* Work required *
Beneath this line sits some data. Return only its lines from the one holding "Book Review: It" through the one holding "payroll staff admin", inclusive, exactly, with the images removed.

====== Data in this exercise ======

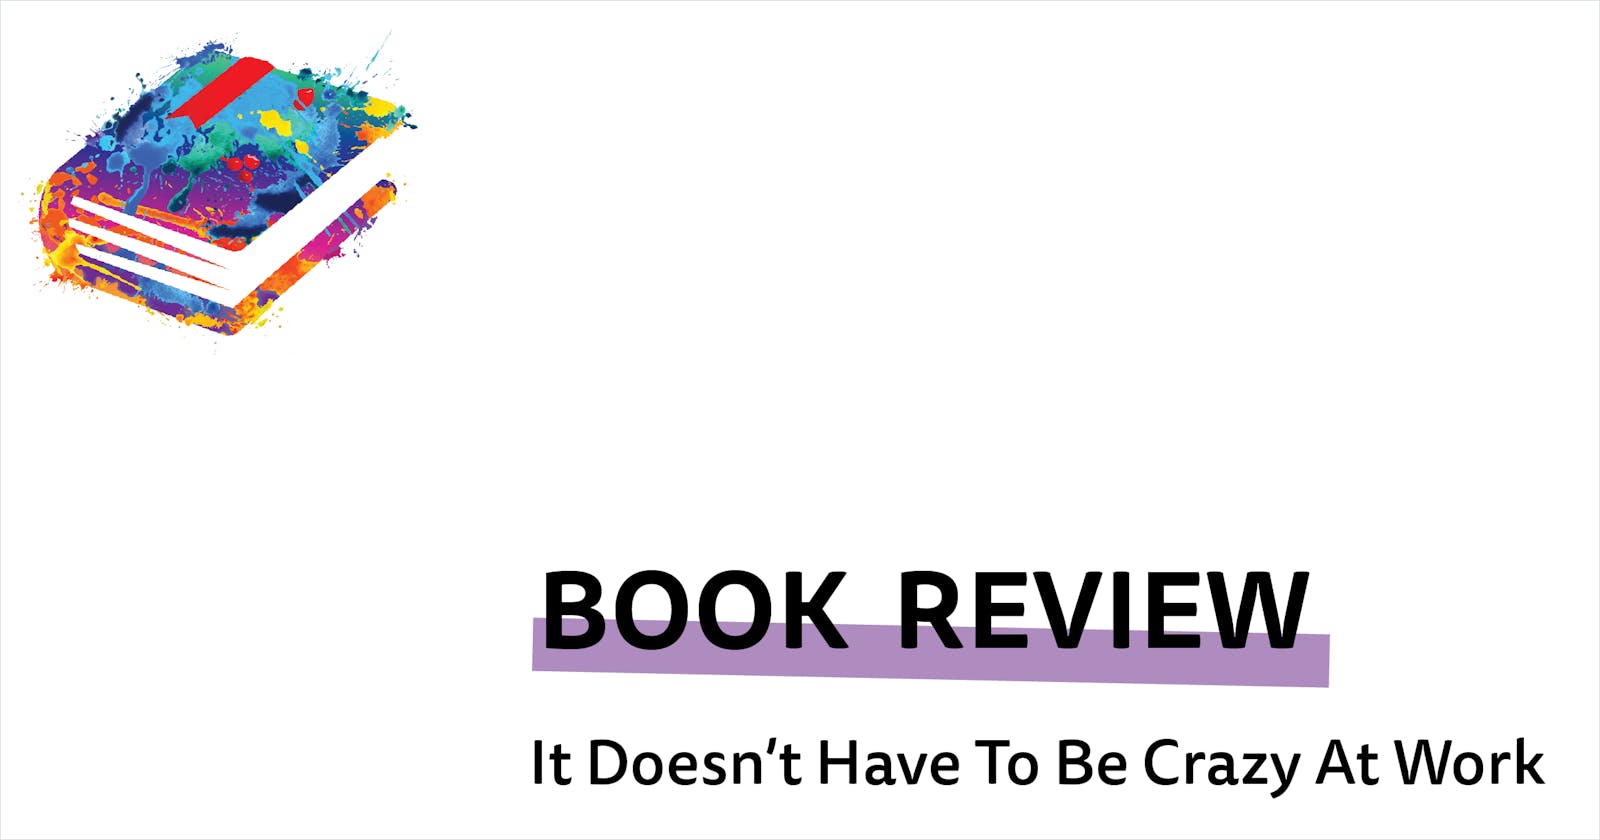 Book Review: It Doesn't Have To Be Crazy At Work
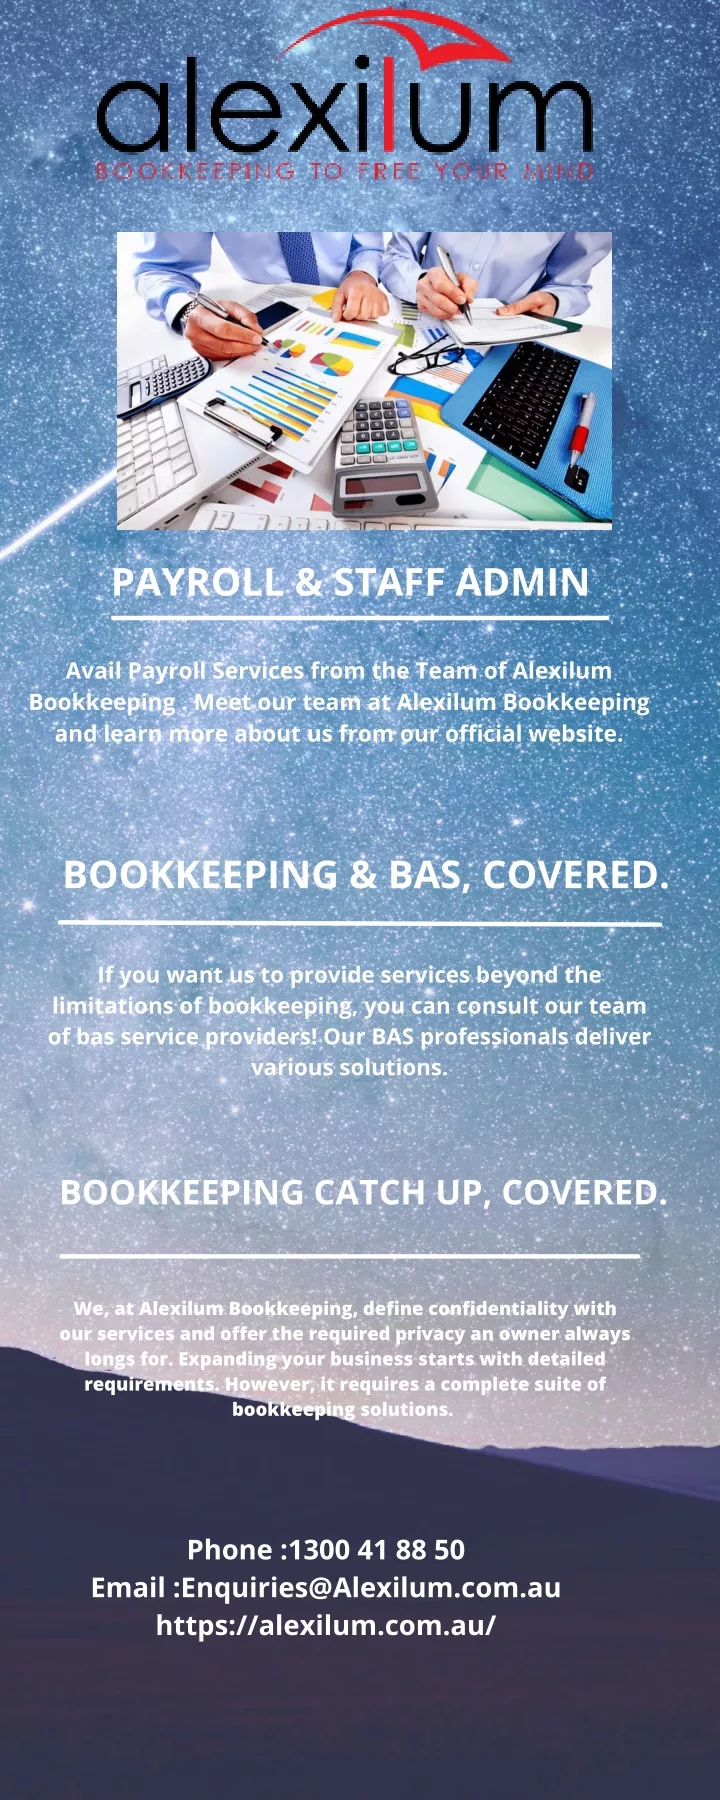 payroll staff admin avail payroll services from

======
====== Data in this exercise ======

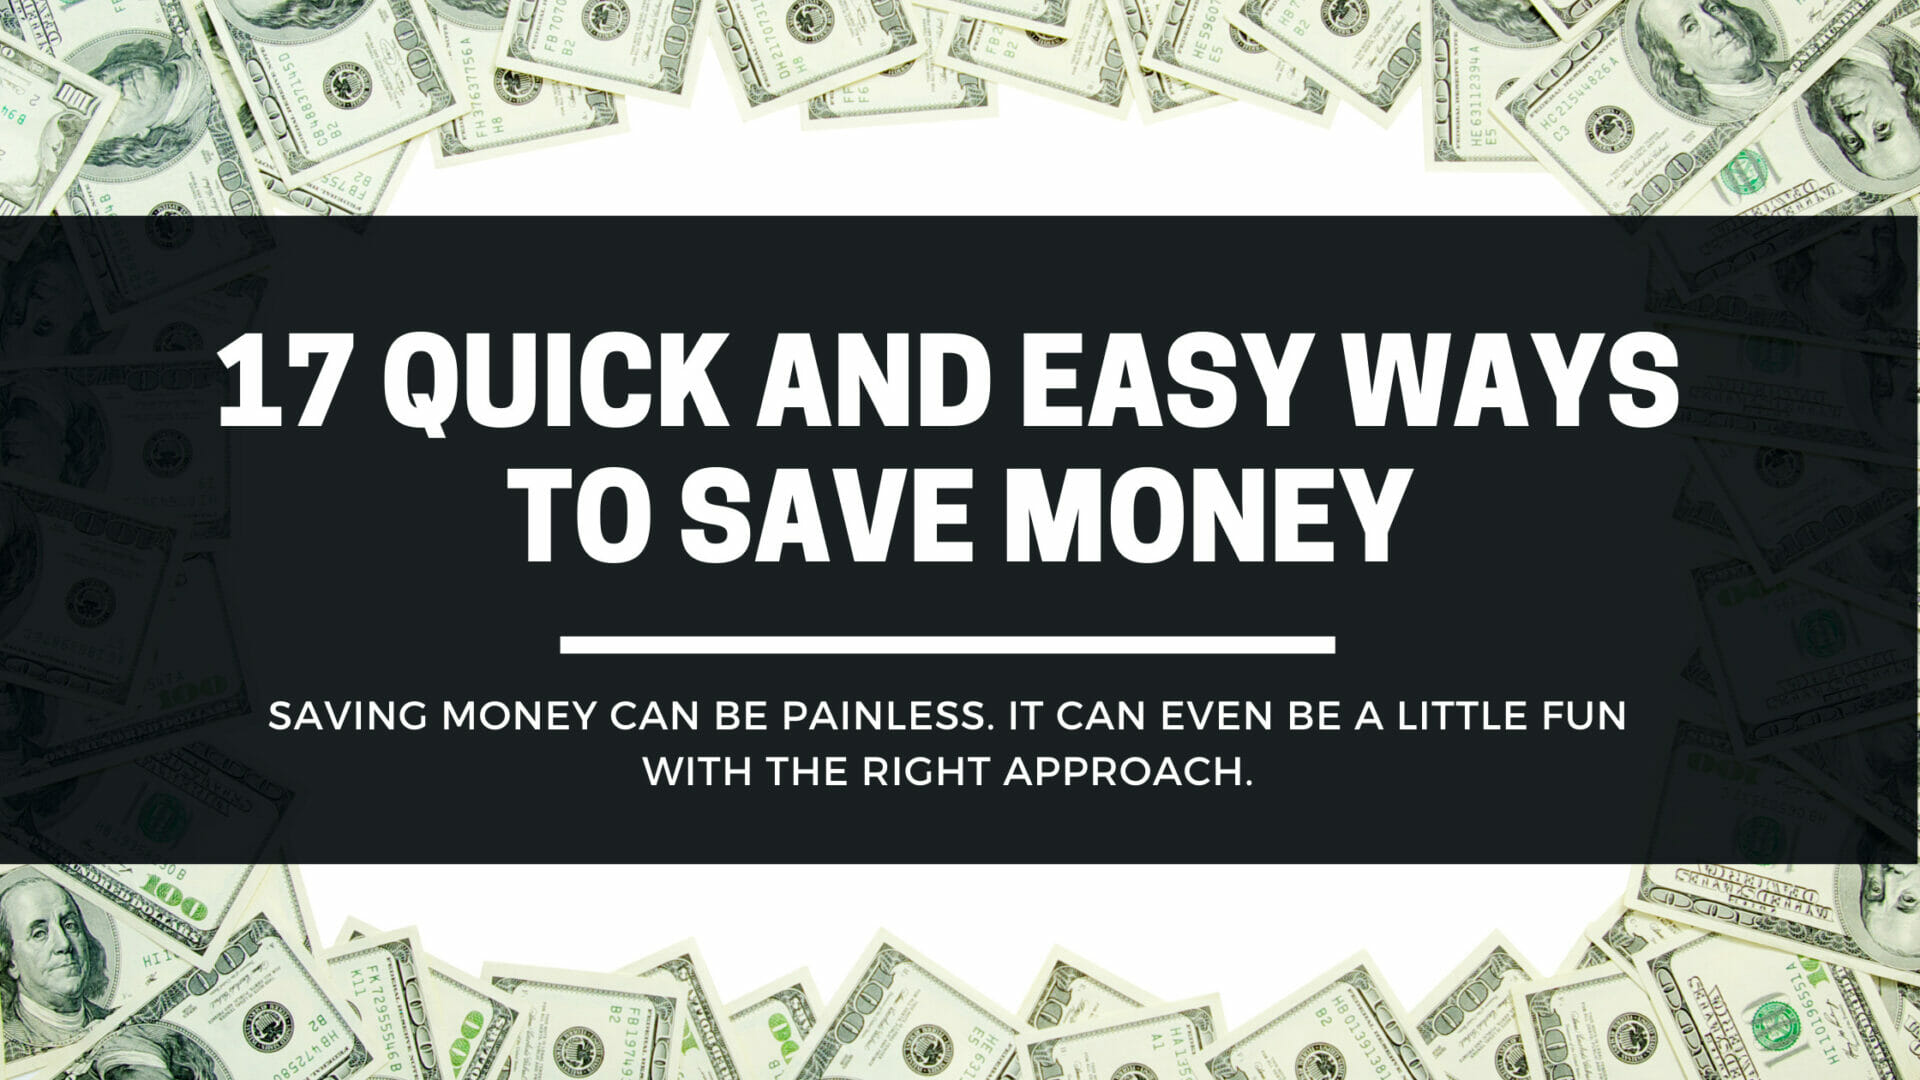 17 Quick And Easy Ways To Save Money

======

* Written solution *
 Book Review: It Doesn't Have To Be Crazy At Work
 payroll staff admin avail payroll services from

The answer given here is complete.